● Work instructions: In the listing below, find the line with "עין כרם, Ein" and the line with "Post no Facebook", then return them and every line between them exactly, minus the pictures.

● Input records:
· · · · ·
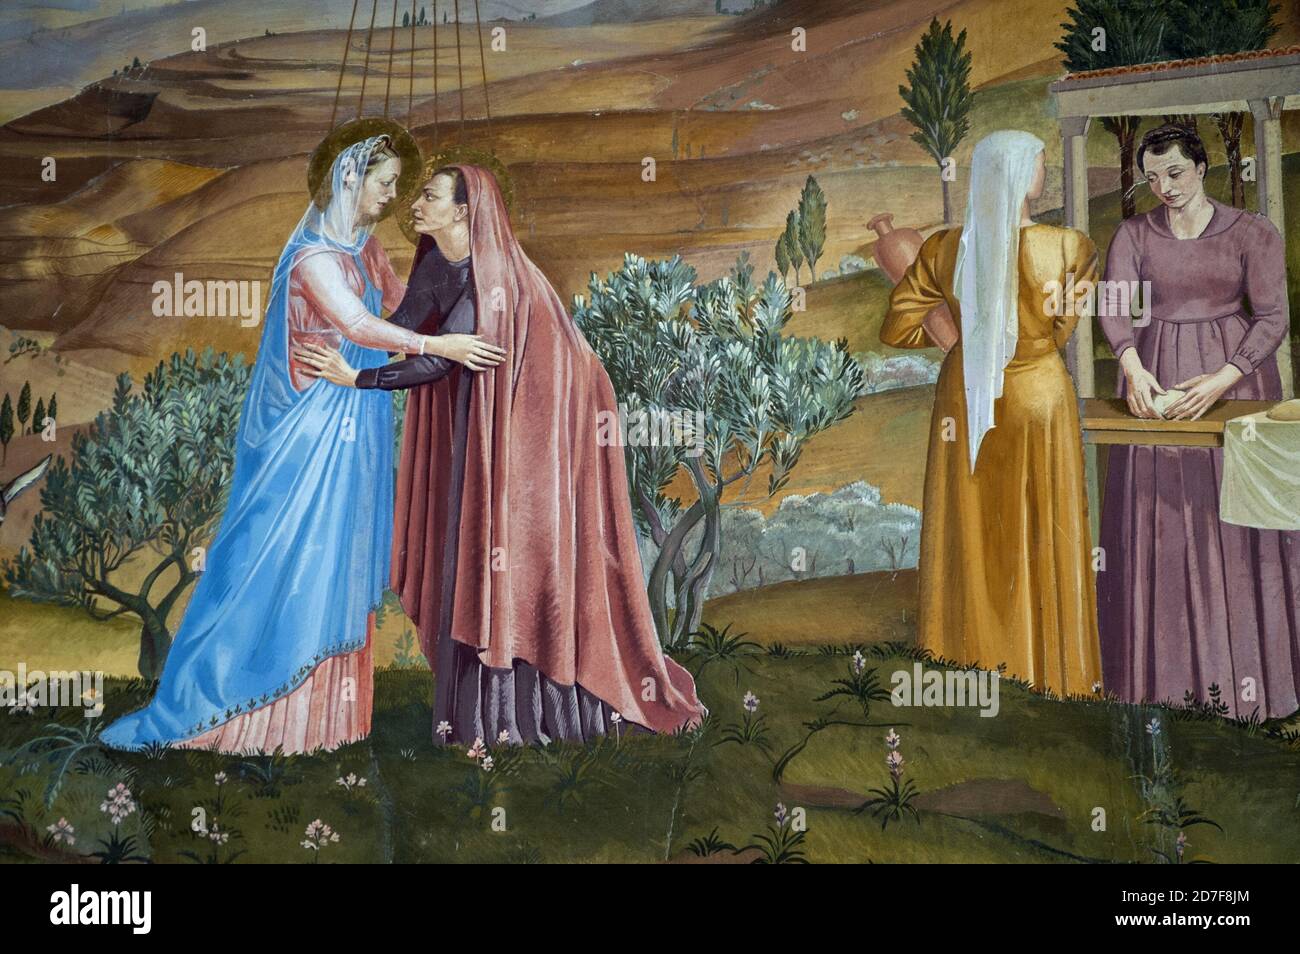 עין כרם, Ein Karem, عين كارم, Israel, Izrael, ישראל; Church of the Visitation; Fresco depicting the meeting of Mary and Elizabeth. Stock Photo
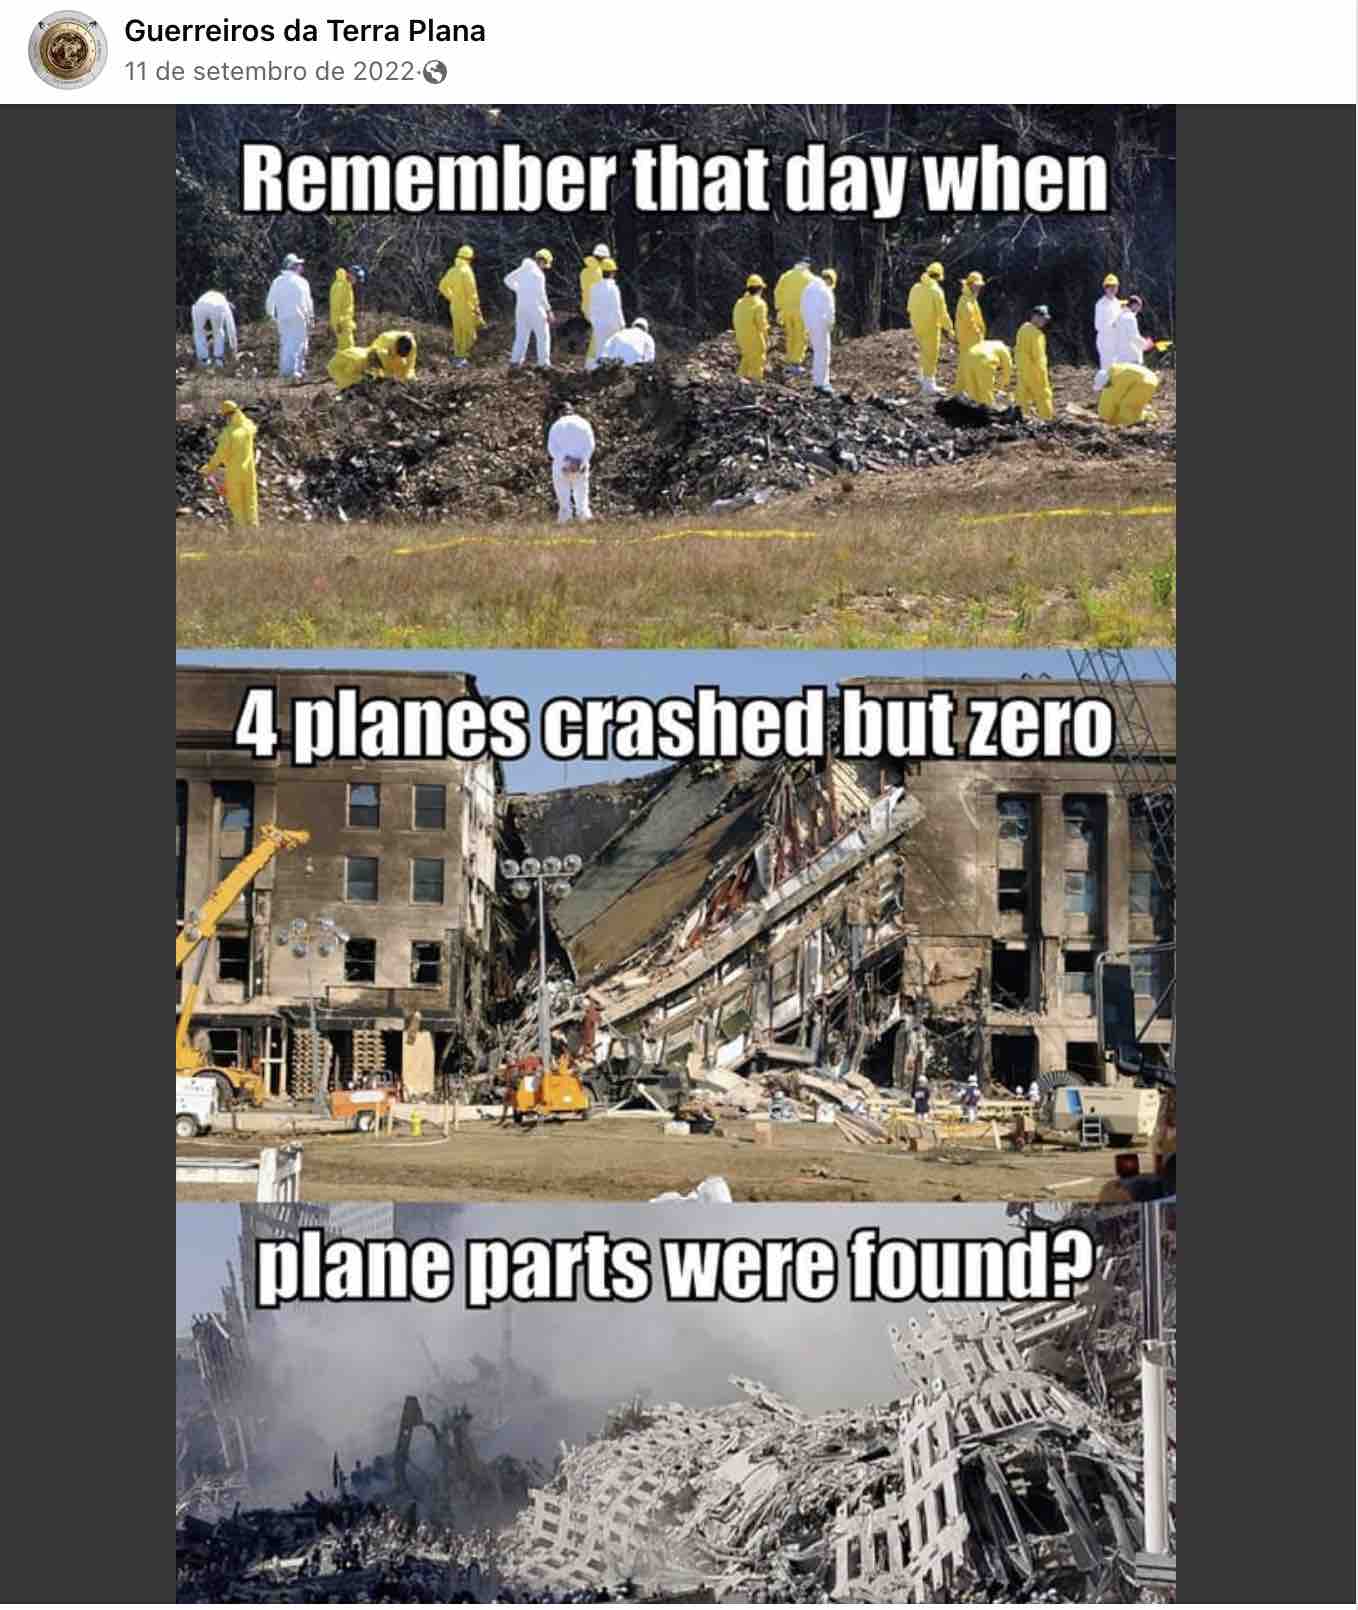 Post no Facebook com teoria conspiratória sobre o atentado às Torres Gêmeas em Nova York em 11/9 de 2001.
· · · · ·
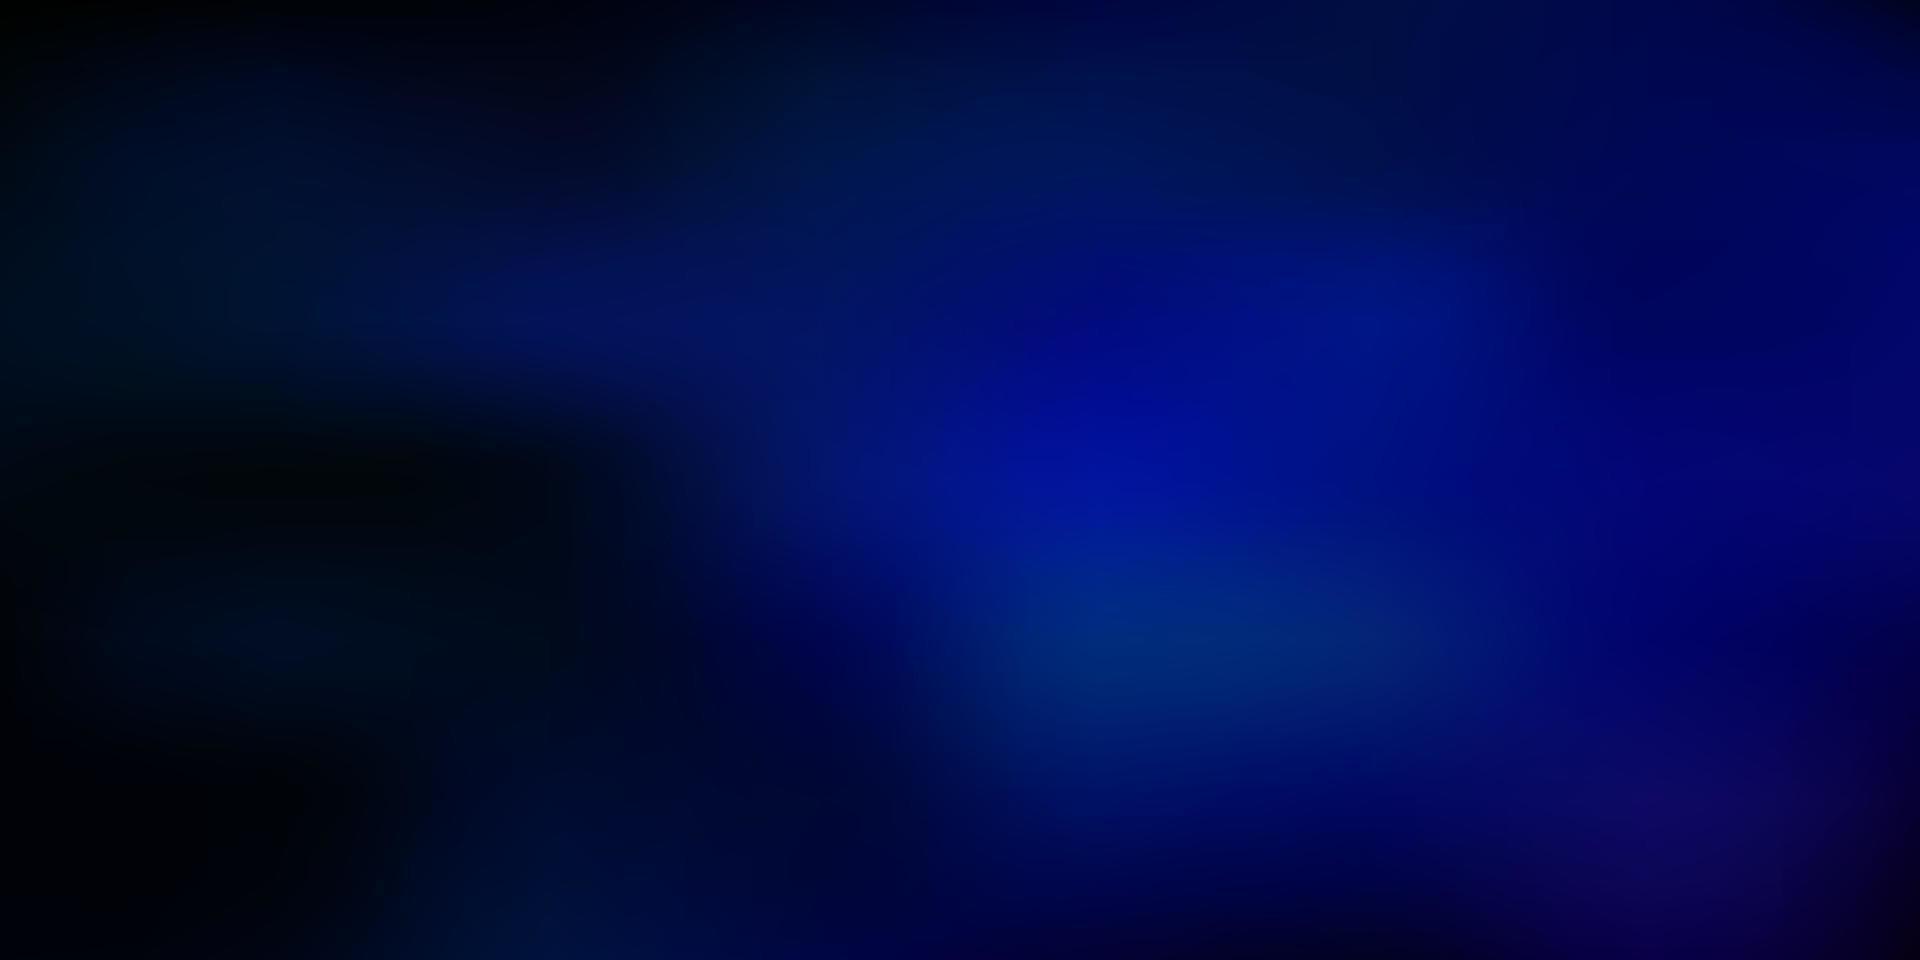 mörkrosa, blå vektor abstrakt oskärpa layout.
· · · · ·
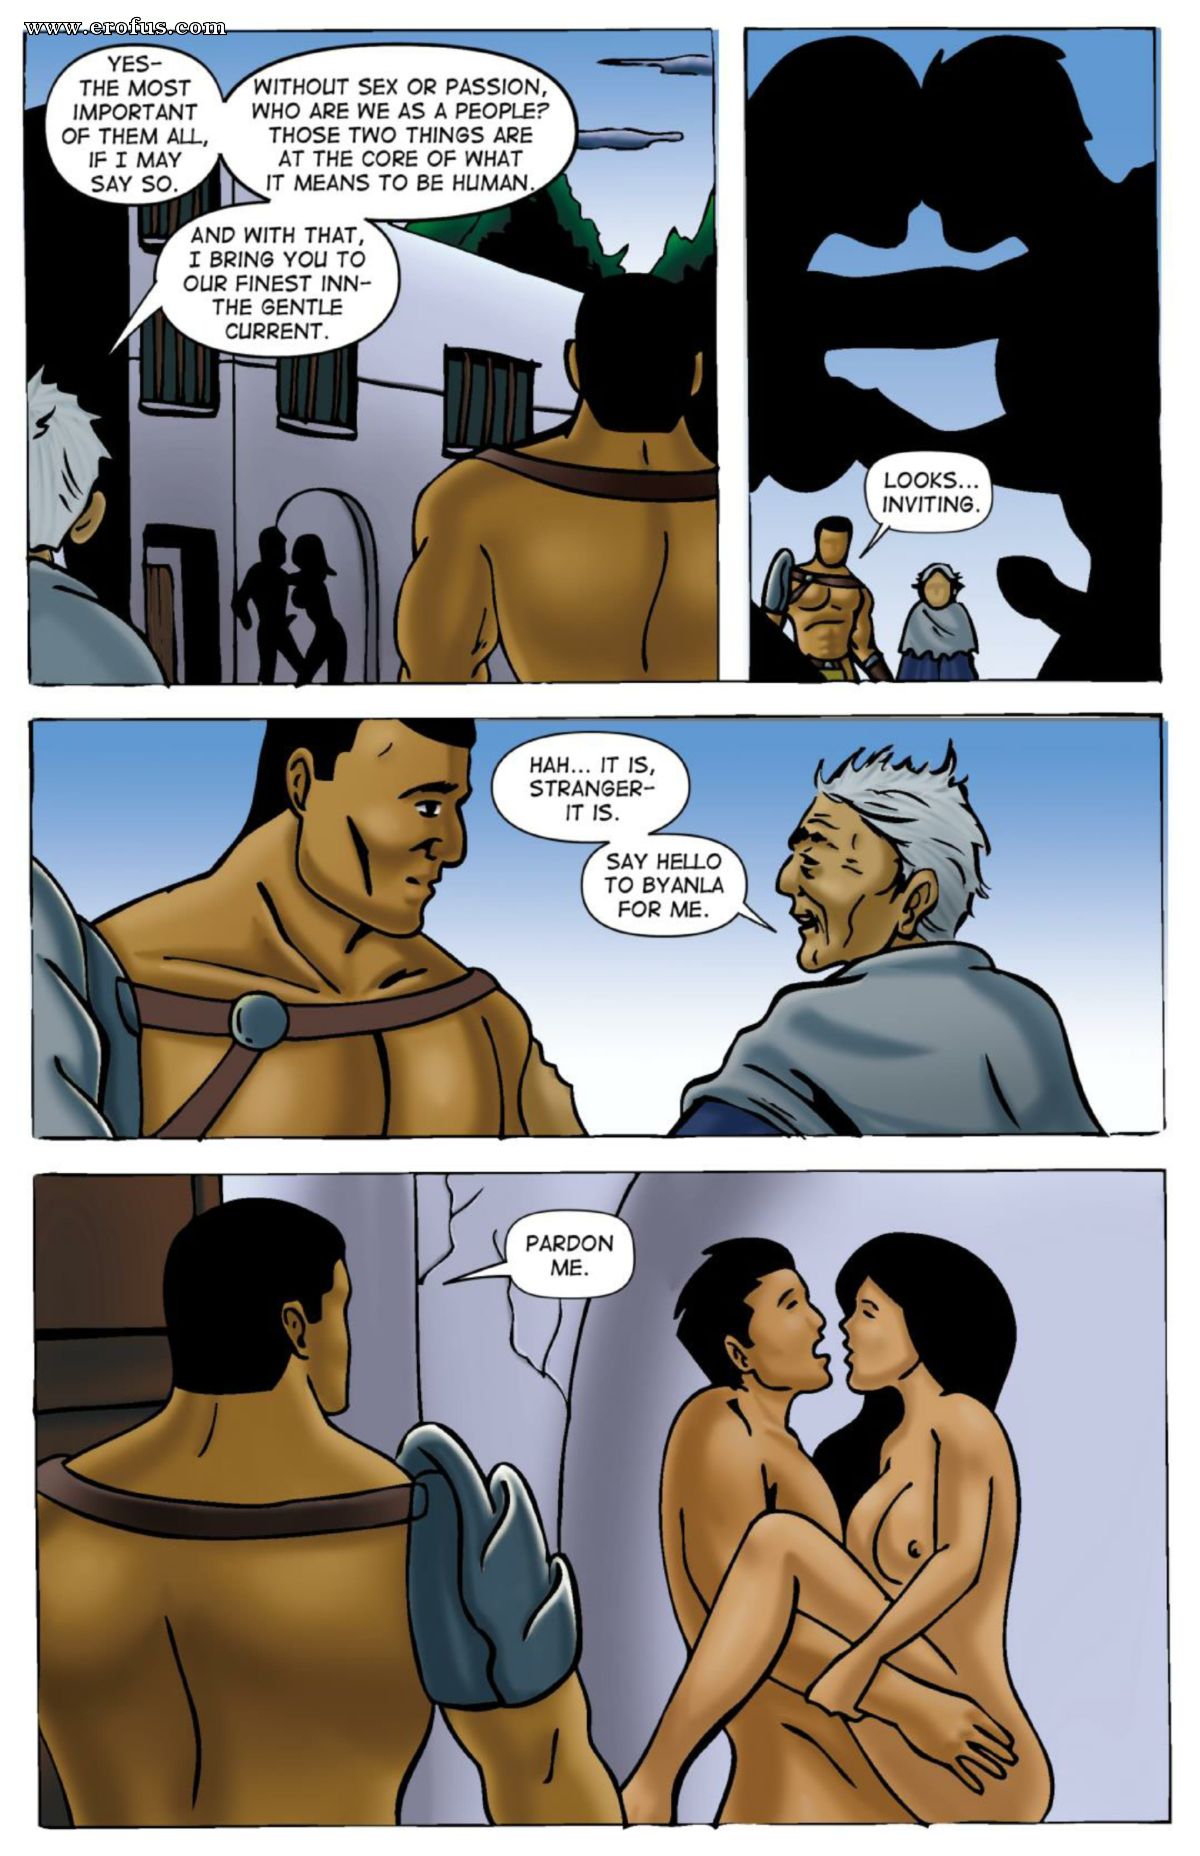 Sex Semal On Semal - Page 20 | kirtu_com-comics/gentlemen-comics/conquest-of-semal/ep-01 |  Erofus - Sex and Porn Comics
· · · · ·
● Task result:
 עין כרם, Ein Karem, عين كارم, Israel, Izrael, ישראל; Church of the Visitation; Fresco depicting the meeting of Mary and Elizabeth. Stock Photo
 Post no Facebook com teoria conspiratória sobre o atentado às Torres Gêmeas em Nova York em 11/9 de 2001.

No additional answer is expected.